Monday, October 20

晨跑纪事(1)

六点半天开始透出光,白色的、朦胧的,之下是一片寂静。小贩们开始推着豆浆、油条以及玉米,推着昨天晚上收获的粮食,在别人的梦里出动,每个小贩都有自己固定的贩卖位置,街口的、酒店岔路或者度假区的入口,在清晨七点摆好东西,食物开始发出香味, 幕天席地。这是盘古刚刚诞生时候的世界,黑白未分,混沌未清。和小贩和清洁马路的人,三三两两的,古老的神性在心里复活,我觉得我们正像上帝和盘古那样开辟世界,创造生命,等待黎明的到来。清晨7点钟是神的时间,古代的时间,时间之外的时间,它不受时间流逝标准的限制。假设说有人能够穿越时空回到过去和未来的话,那么一定是在清晨7点钟,或者黄昏7点。

道路两旁以前是这个小城市最广阔的一片稻田,在秋天将到未到的时候,我们就一遍遍骑着单车绕着田埂走,少女们的裙子和芳香,总在稻谷未完全成熟的季节浓郁起来,而到秋天的时候,这里是甜瓜、黄瓜、向日葵、花生以及各种蔬果接近衰败、撤退的时间,秋天让它们变得珍贵,承载着少年们一整个夏天的疯狂、偷袭和饥饿和有关爱情幻想的记忆。而现在这片稻田正荒草重生,推土机从四面八方逼走夏天和秋天,逼走记忆。一瞬间我们就发现我们老了,昨天的记忆作古了,我们的祖先恍如没有存在过。

前面那个晨跑的女人老了,臀部下垂,乳房也下垂着,指向大地。我母亲也差不多如此了,古老的生命韵律是面向大地的,而未来留给了下一代,留给了我们。在她垂向大地的那一刻,儿子们还未发现母亲们的时钟已留给了自己,“永恒的女性,引领我们飞升”。迎面跑来的老头穿个老旧的背心,估计他退休时候就开始穿了,手臂摇摆得平静协调,不像少年人那样轻佻,人必坚固的热爱和热爱过生活中的一些东西。那个老头我碰见很多次了,每次都是那件背心,同样的手势,每次都是在清晨7点一刻的时候,跑到桥的正中心,流水南去,逝者如斯夫。

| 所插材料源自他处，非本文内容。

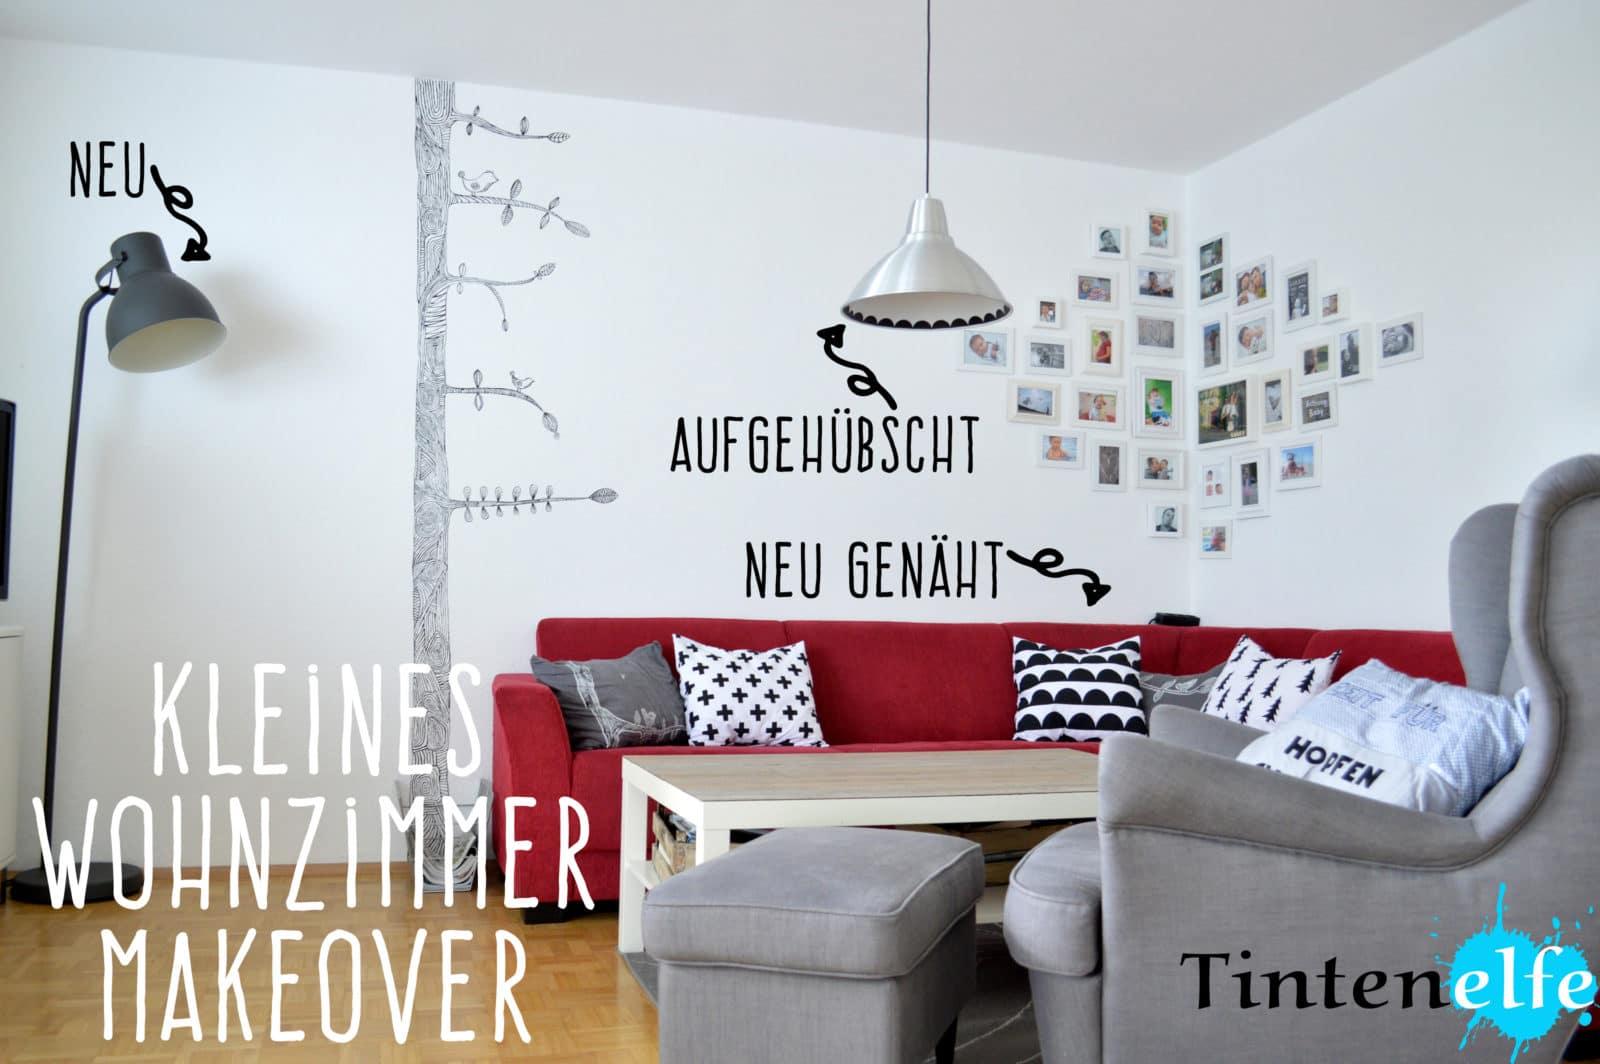 Liege wohnzimmer ikea ~ brimob.com for .

二零零四年,老美在昆明拳馆打拳,鼻梁骨被西藏特种兵打折了,痛,睡不着,早晨七点钟的时候把我拖出屋子,从小西门跑到滇池路。那天早上,太阳是从老美的歪鼻子上冒出来的,当时我们正坐在阳光花园岔路口的小贩那里喝豆浆稀饭,公共汽车一辆辆从黑夜里开了出来,接着穿戴整齐的姑娘们来了,接着缓慢儒雅的老头老婆婆们来了,各种声音跟随着公共汽车的尾气排放出来,热的、冷的、半生半熟的,各种温度也出来了,接着太阳就从老美坐的那边冒出头来,昏黄的,老美还笑着,正西里呼噜喝着稀饭,等他抬起头来,太阳就照亮了他的歪鼻子。